Board index » delphi » Re: How to handle gz files fetched with IdHTTP?

Re: How to handle gz files fetched with IdHTTP?


2008-06-05 01:17:45 PM
delphi110
Bo Berglund writes:
Quote
On Wed, 04 Jun 2008 23:18:23 +0200, Stig Johansen <XXXX@XXXXX.COM>
writes:

>Bo Berglund writes:
>>Well, that might be good to know if one is to go deep into the
>>compression mystery, but all I want to do is to use an IdHTTP
>>component to retrieve the name.xml.gz files and have them converted to
>>xml so I can then process the contents...
>
>There is not much of mystery in there.
>The tGZipFirstHeader definition is the _fixed_ part of a gzip file as
>defined in the previous mentioned rfc.
>So i read the fixed part, an afterwards the variable part, and _then_ the
>compressed data block into "compressedstr" (a string in my example)
>It should be the same whether data comes from a file or IdHTTP. (I use
>synapse, so i don't know idHTTP).

But I have a single downloaded file on my disk so there are no
separate parts to "load". I just want to subject the *file* to the
decormpression and all I get is a "data error".
I also googled a discussion about just this where they talked about
setting some values in the constructor of the object like this:
I am not clear enough, i can see.
If i rewind my memory, we had this strange browser (IE) wich only supported
deflate, and not gzip.
On the other hand we had the other browsers, which supported gzip, but not
deflate.
I needed to support both, so thats where my jurney started.
I discovered that deflate was 'just' the compressed data without the
headers.
And gzip was just the compressed/deflated data with header and checksum.
So you can look at gzip roughly as:
gzip := header + compressed_data + trailer.
So when you do this (from your other post):
  Res?= IdHTTP1.Get('tv.swedb.se/xmltv/channels.xml.gz');
Your Res contains the above construction.
What i am talking about is basically to exctract the compressed_data part
from the file/string/stream.
Quote
TZDecompressionStream.Create(TFileStream.Create(gzfile,
fmOpenRead),12+32);
It looks like some hardcoded sizes of the header data.
The problem is that the header can contain variable parts, so you can't be
sure where exactly the compressed_part starts in the file/string/stream.
Quote

ZReceiveFromBrowser does not exist in any of my two downloaded copies
of ZlibEx.pas...

Thinking about it, it may very well be my own addition to implement
decompression of deflate, but here it is:
.....
function ZReceiveFromBrowser(const s: string) : string;
var outBuf: Pointer; outBytes: Integer;
begin
ZDecompress2(pointer(s), length(s), outBuf, outBytes, 0);
SetLength(result, outBytes);
Move(pointer(outBuf)^, pointer(result)^, outBytes);
FreeMem(outBuf);
end;
.....
Quote
>My things are from about 2002, but i think i had a hard time back then,
>figuring things out.

Seems like the same is true 6 years later...
Yes but i downloaded this from your other post:
<tv.swedb.se/xmltv/channels.xml.gz>
And it decompresses fine with my programs as mentioned, so the data is
correct.
This is still on Linux which uses native zlib library.
--
Best regards
Stig Johansen
 
 

Re: How to handle gz files fetched with IdHTTP?

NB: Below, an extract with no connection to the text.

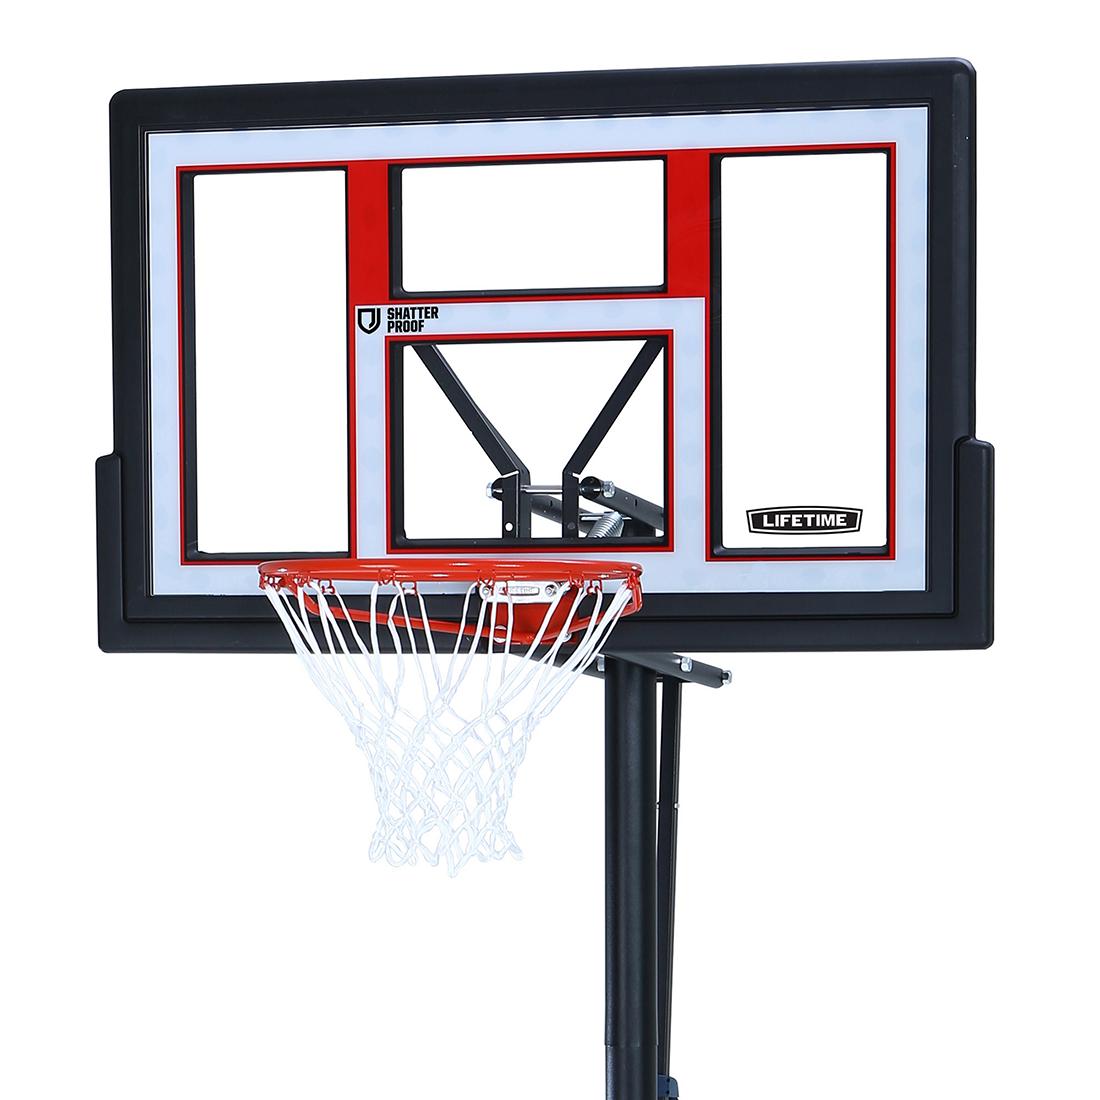 Lifetime 50" Adjustable Portable Basketball Hoop System - Citywide Shop

On Wed, 4 Jun 2008 18:12:37 -0700, "Remy Lebeau \(TeamB\)"
<XXXX@XXXXX.COM>writes:
Quote

"Bo Berglund" <XXXX@XXXXX.COM>writes
news:XXXX@XXXXX.COM...

>The actual URL for my test file (there are others from the same source)
>is:
>tv.swedb.se/xmltv/channels.xml.gz

Even though the URL looks like a .gz file, the server is actually delivering
a plain .xml file that is gzip-compressed dynamically as it is being
downloaded. So TIdHTTP in Indy 10 can decompress the file automatically for
you. Simply assign a TIdCompressorZLib component to the TIdHTTP.Compressor
property before calling TIdHTTP.Get().

This sounds like *exactly* what I want to do, but then in BDS2006 I
got into trouble immediately...
1) There is no component named TIdCompressorZLib
2) I found one named TIdCompressorZLibEx so I put this on my form
3) Now I get a bunch of errors:
[Pascal Error] IdZLib.pas(1224): E1026 File not found: 'adler32.obj'
[Pascal Error] IdZLib.pas(1225): E1026 File not found: 'compress.obj'
[Pascal Error] IdZLib.pas(1226): E1026 File not found: 'crc32.obj'
[Pascal Error] IdZLib.pas(1227): E1026 File not found: 'deflate.obj'
[Pascal Error] IdZLib.pas(1228): E1026 File not found: 'infback.obj'
[Pascal Error] IdZLib.pas(1229): E1026 File not found: 'inffast.obj'
[Pascal Error] IdZLib.pas(1230): E1026 File not found: 'inflate.obj'
[Pascal Error] IdZLib.pas(1231): E1026 File not found: 'inftrees.obj'
[Pascal Error] IdZLib.pas(1232): E1026 File not found: 'trees.obj'
[Pascal Error] IdZLib.pas(1233): E1026 File not found: 'uncompr.obj'
[Pascal Error] IdZLib.pas(1234): E1026 File not found: 'zutil.obj'
These files are mentioned in IdZlib in comments looking like this:
{$L adler32.obj}
{$L compress.obj}
{$L crc32.obj}
{$L deflate.obj}
{$L infback.obj}
{$L inffast.obj}
{$L inflate.obj}
{$L inftrees.obj}
{$L trees.obj}
{$L uncompr.obj}
{$L zutil.obj}
I made a search from the top of my BDS2006 installation for
adler32.obj but it is not there..
So what do I do now? My Indy is what came with BDS2006 (10.1.5).
/BoB
 

Re: How to handle gz files fetched with IdHTTP?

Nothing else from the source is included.